Hunting

This one was written for a competition which set the opening line, and had a 750 word limit.  I actually wrote an entirely different entry for the competition.

 

I like this version, though an early draft had R.O.U.S.es which were vetoed.  Unfortunately it feels too much like the intro to a story to be a proper piece of flash fiction on it’s own.  I may come back to it and finish the story…

 

Hunting

By Jason Gibbs

“Never trust anything that can think for itself if you can’t see where it keeps its brain.”

Father had always been a well of great advice.  I’m not sure that was the best for my first day at boarding school, but his heart was in the right place.  Brain too, probably.

Another favourite was, “Penguins don’t need frying pans.”  If I’m honest I still don’t know what he meant, probably something jolly healthy like: eat raw fish.  Or possibly: technology isn’t always required.  Though he probably just liked how it scanned.

Of course the advice I should have given him was, “If you’ve just shot a large cat, don’t put your head in its mouth for a triumphal shot until you’re absolutely certain it’s properly dead.”  Not snappy I realise, but might have meant he’d have seen me graduate.

The years since hadn’t been kind.  But that piece of advice, while unhelpful at boarding school, had become surprisingly useful in the last few years.

“Jenkins!  Are you day dreaming again?”

“No sir, sorry sir.  Just remembering advice from my father.”

“Jolly good chap, pity about that whole lion thing.”

“Tiger sir.”

“Yes yes.  Get to work boy.  Sewers don’t clean themselves.  Take Jones with you.”

I nearly groaned.  Jones was such a despicable lick-spittle.  If I wanted to stop for a toke or two he’d be off tattling before I’d taken the first draw.  Also, more seriously, he didn’t understand the job.

Like my father I was a hunter.  Admittedly I was hunting in the sewers of our great capital, and not out in one of the colonies.

Jones arrived, cockily throwing his hat on the peg.

I nodded to him.  We were rarely on speaking terms.  He went to get his orders, and came back with his grin quite removed.  It would have been satisfying if I didn’t have to spend the next few days with him.

“Now Jones, we’re going out to the far reaches first.  Rumours of rat activity.”

“Spencer, we work in the sewers, there are rats everywhere.”

“Dammit man, this is the kind of activity we investigate!”

He rolled his eyes.

We were well kitted out.  Leather armour, including steel toecaps and heavy gloves.  Jones had the flame thrower, and I had the flechette gun.  It fired lots of tiny ice needles, which meant it was much less likely to cause damage to the walls, and the needles rarely penetrated leather.  They’d pass through skin and fur easily though.

We set out, and I tried to be civil to Jones.

“How long have you been here Jones?”

“Four extremely boring weeks.  Look, love to chat, but my brother sent me this great podcast which I need to listen too.”

With that he plugged in, and the only sound in the tunnels was our footsteps.

After hours of walking, and a couple of silent rest stops, we started to approach the area where the rat activity had been seen.  I looked around for any clues.  Jones carried on regardless, even after I tapped him and indicated we were approaching the danger area.  He’d never seen real rats.

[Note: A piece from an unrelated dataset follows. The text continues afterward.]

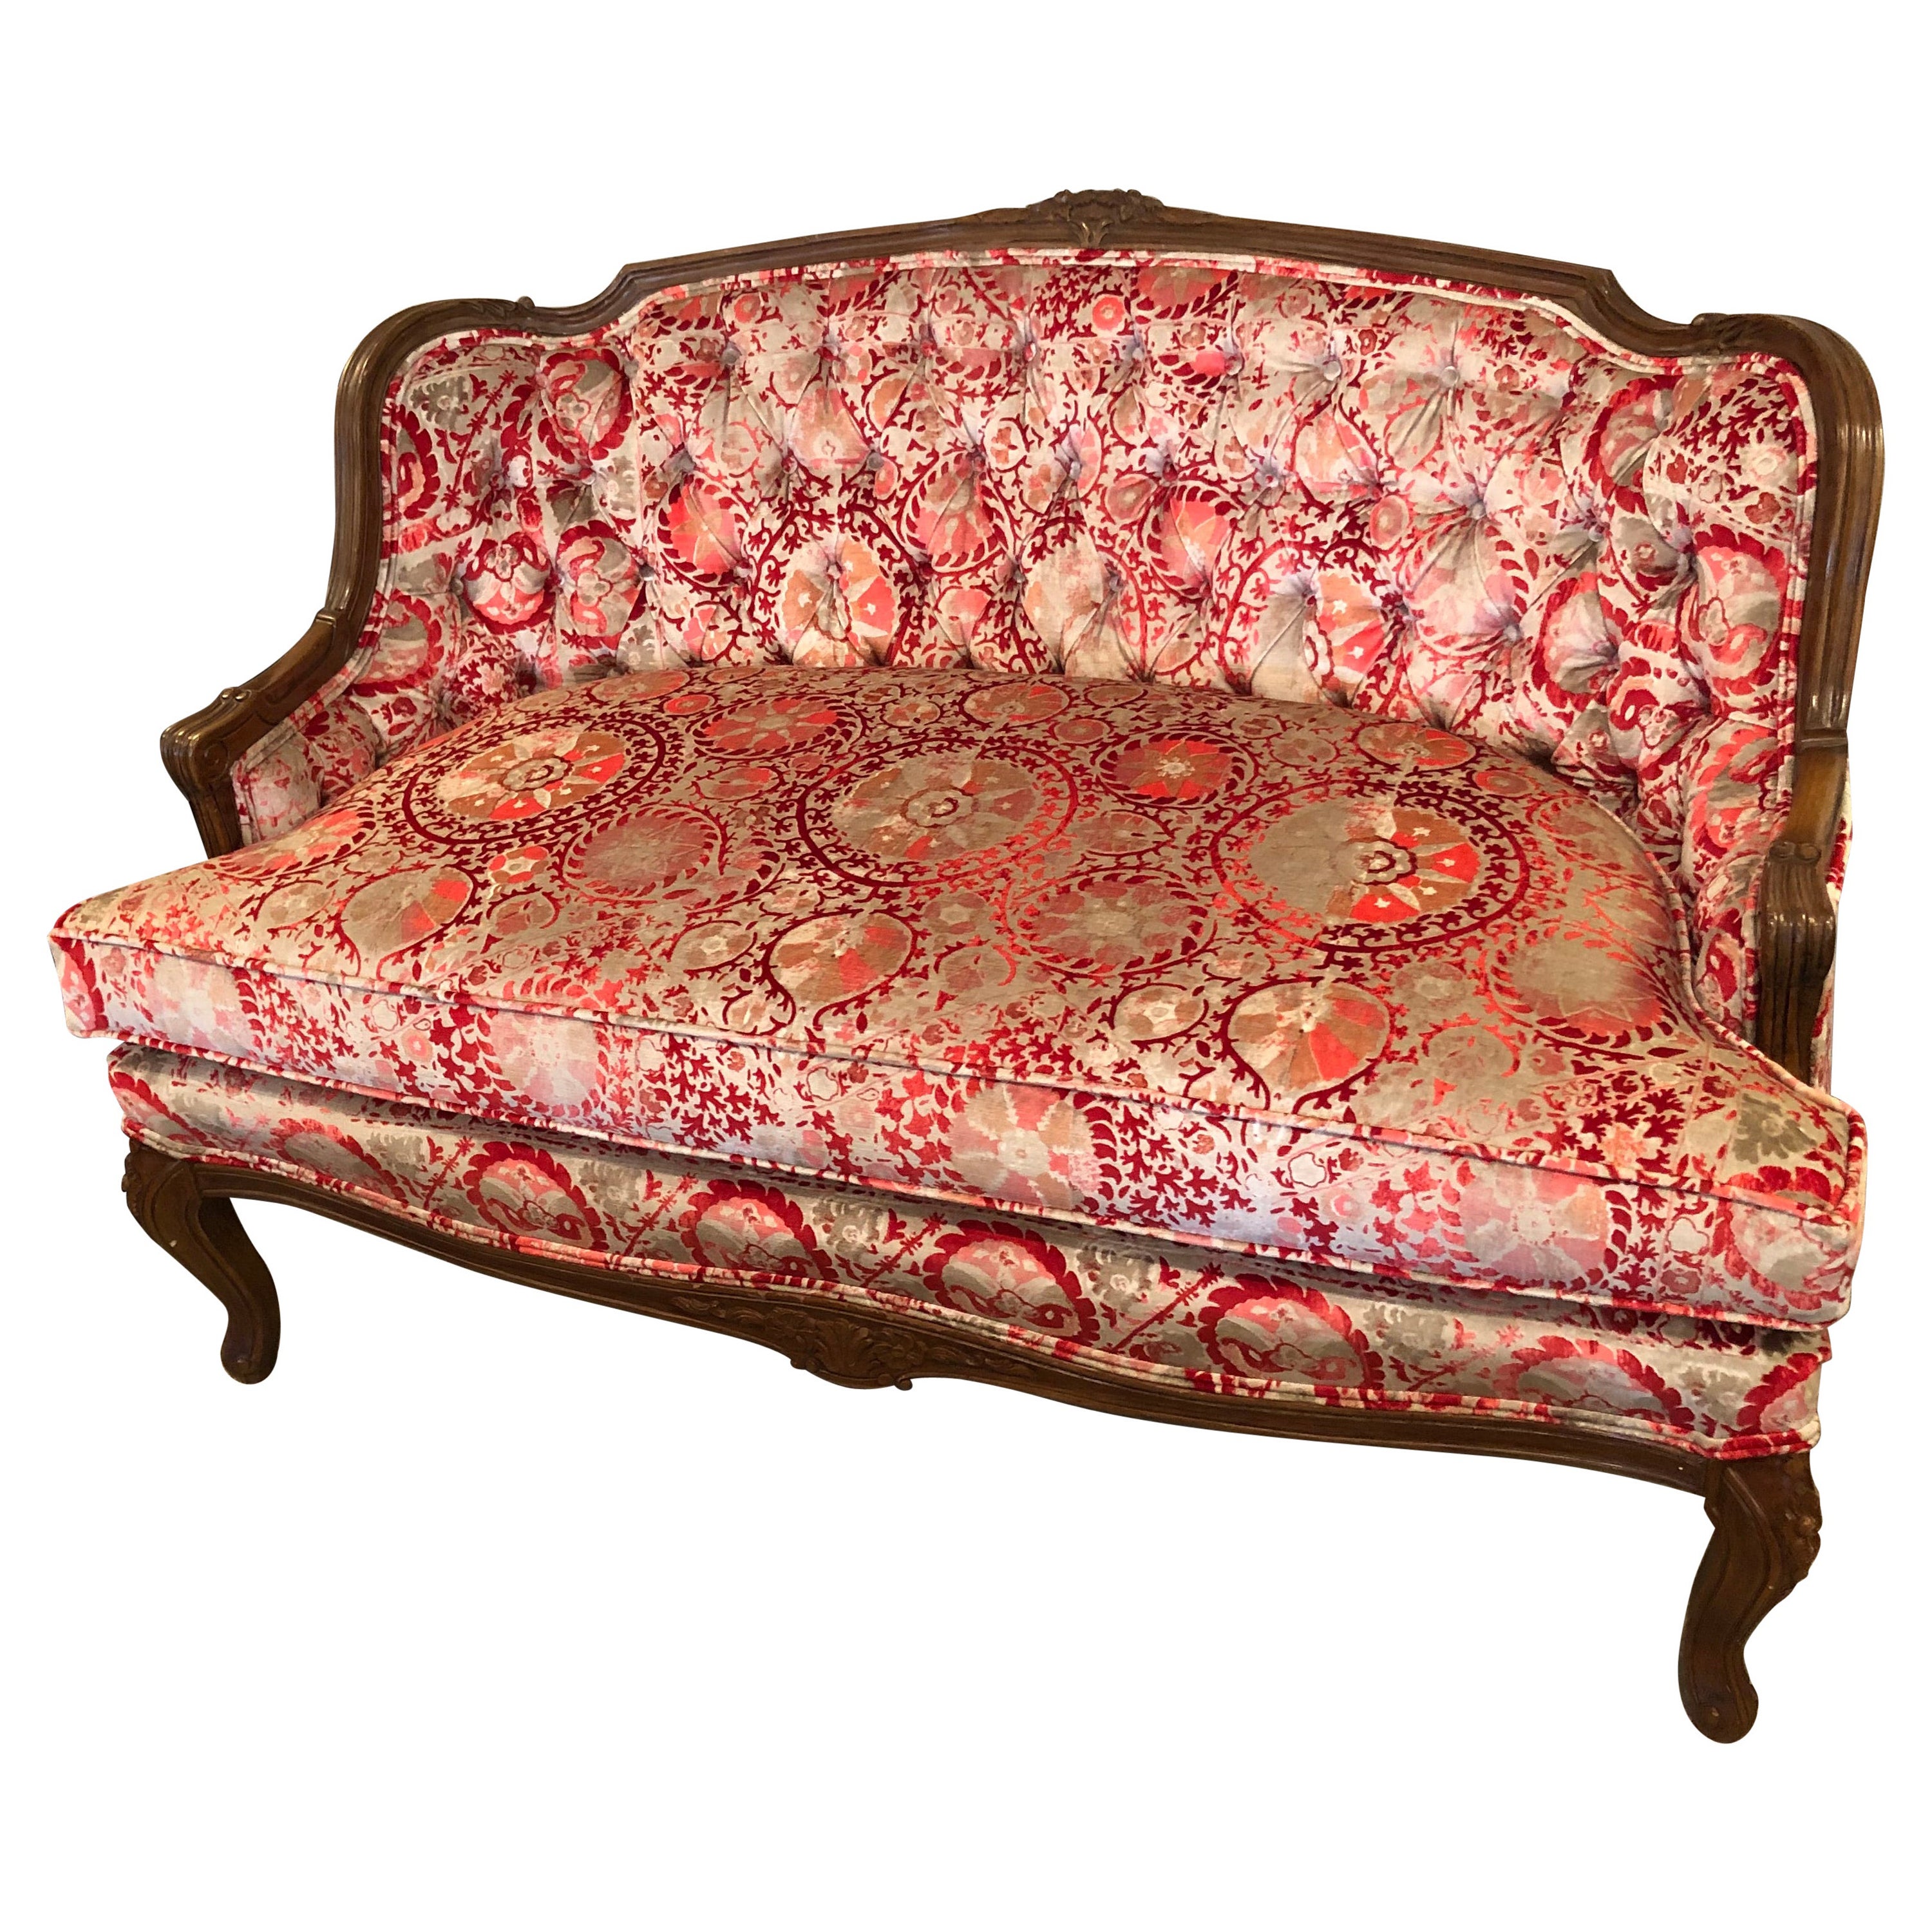 Antique Carved Walnut Tufted Small Settee Loveseat Upholstered in Velvet For Sale

I noticed slash marks on the wall.  Often the bigger rats would mark the walls of their territory.  We’d had a scientist studying them, he thought there might be a rudimentary language contained within them.  I hadn’t seen him for a while.

A screech made me stop.  The worrying thing was that it was from behind.  I tapped Jones again, and tried to indicate that he needed to get the flamethrower ready.  He ignored me and kept walking.

A few steps on he stopped and then started to scrabble back.  Clearly he’d seen the rats.  It’s always a shock the first time.

He backed towards me and started the flamethrower up.

I aimed up the tunnel as the creatures came round the corner.  There were hundreds of them, their eyes sparkling in our torchlight.  We must have found one of the bigger nests.

Jones opened up with the flamethrower, and the smell of burned rat filled the tunnel.  My job was more technical; I picked off rats which escaped around the edge of the flame.  I liked to think I’d inherited my father’s marksmanship as I killed them.  Each rat was stupid, but the swarm had intelligence and if enough got round they’d be all over us, so I made sure to focus on the task.  My father would have been proud of me.